Python 2.6.4 (r264:75706, Dec  7 2009, 18:45:15)
[GCC 4.4.1] on linux2
Type "help", "copyright", "credits" or "license" for more information.
>>> from kbus import *
>>> falstaff = Ksock(0)
>>> falstaff.bind('$.Actor.CoinToss', True)

Innocently, Rosencrantz continues, but since the intended recipient has gone away, the message cannot be sent:

Terminal 1: Rosencrantz

... sreq = stateful_request(rep, '$.Actor.CoinToss', 'Head')
>>> rosencrantz.send_msg(sreq)
Traceback (most recent call last):
  File "<stdin>", line 1, in <module>
  File "/home/tibs/sw/kbus/python/kbus/ksock.py", line 432, in send_msg
    return self.send()
  File "/home/tibs/sw/kbus/python/kbus/ksock.py", line 220, in send
    fcntl.ioctl(self.fd, Ksock.IOC_SEND, arg);
IOError: [Errno 32] Broken pipe

And Rosencrantz discovers that, in fact, state has been lost, skulduggery has been done, and so forth.

The Python interface is not terribly helpful with interpreting IOError error numbers, but there is a useful commandline utility that reports both the standard Unix meaning of an errno, and also the specfic KBUS meaning (as given in the KBUS documentation). So, for instance:

$ errno.py 32
Error 32 (0x20) is EPIPE: Broken pipe

KBUS:
On attempting to send 'to' a specific replier, the replier with that id
is no longer bound to the given message's name.
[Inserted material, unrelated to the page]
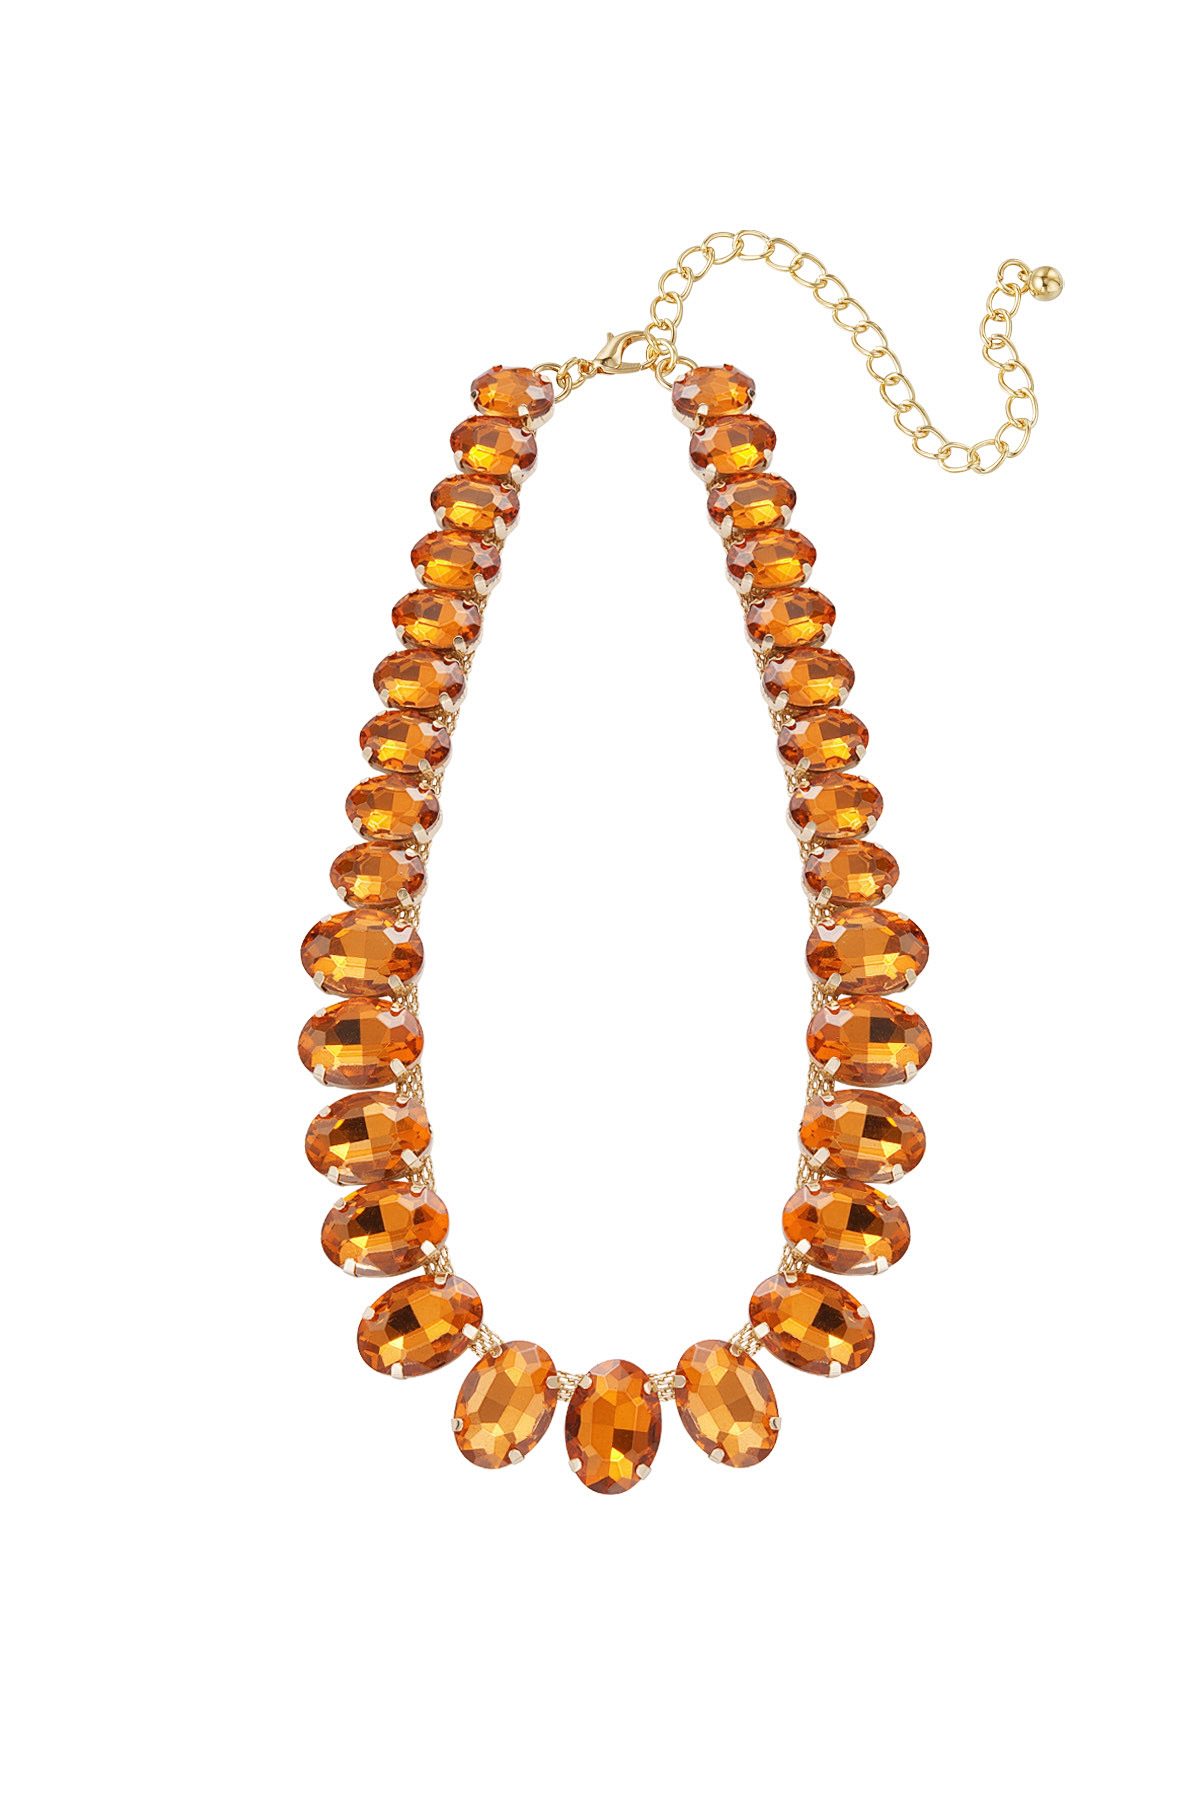 Necklace large oval beads - orange

From the audience's point of view:

Terminal 2: Audience

<Request '$.Actor.Ask.Guildenstern', id=[0:8], from=1, flags=0x1 (REQ), data='Will you count heads for me?'>
<Reply '$.Actor.Ask.Guildenstern', id=[0:9], to=1, from=3, in_reply_to=[0:8], data='Yes, yes I shall'>
<Request '$.Actor.CoinToss', id=[0:10], to=3, from=1, flags=0x1 (REQ), data='Head'>
<Reply '$.Actor.CoinToss', id=[0:11], to=1, from=3, in_reply_to=[0:10], data='Head count is 1'>
<Request '$.Actor.CoinToss', id=[0:12], to=3, from=1, flags=0x1 (REQ), data='Head'>
<Reply '$.Actor.CoinToss', id=[0:13], to=1, from=3, in_reply_to=[0:12], data='Head count is 2'>

Tidying up

Just to show that these are real Python processes.

And to end things...

Terminal 2: Audience

<CTRL-C>
Traceback (most recent call last):
  File "<stdin>", line 2, in <module>
  File "/home/tibs/sw/kbus/python/kbus/ksock.py", line 492, in wait_for_msg
    (r, w, x) = select.select([self], [], [], timeout)
KeyboardInterrupt
>>> exit()

Tidy everyone else up as well (showing that no-one has any messages left):

Terminal 1: Rosencrantz

>>> for msg in rosencrantz:
...   print msg
...
>>> exit()

Terminal 3: Guildenstern

>>> exit()

Terminal 4: Falstaff

>>> for msg in falstaff:
...   print msg
...
>>> exit()

Summary

  • To send or receive messages, a process opens a Ksock.
  • A process can send messages (be a Sender).
  • A process can bind to receive messages (be a Listener) by message name.
  • When binding to a message name, wildcards can be used.
  • When binding to a message name, a process can say it wants to receive Requests with that name (be a Replier)
  • There can only be one Replier for a given message name.
  • There can be any number of Listeners for a given message name.
  • It is not an error to send an ordinary message if no-one is listening.
  • It is an error to send a Request if there is no Replier.
  • Stateful Reqests insist that the expected Replier is replying.

Note

Running the examples in this introduction requires having the KBUS kernel module installed. Typically, on Ubuntu, this means doing:

svn checkout http://kbus.googlecode.com/svn/trunk/ kbus
cd kbus/kbus
make
sudo make rules
sudo insmod kbus.ko

When you've finished the examples, you can remove the kernel module again with:

sudo rmmod kbus.ko

The message ids shown in the examples are correct if you've just installed the kernel module - the second number in each message id will be different (although always ascending) otherwise.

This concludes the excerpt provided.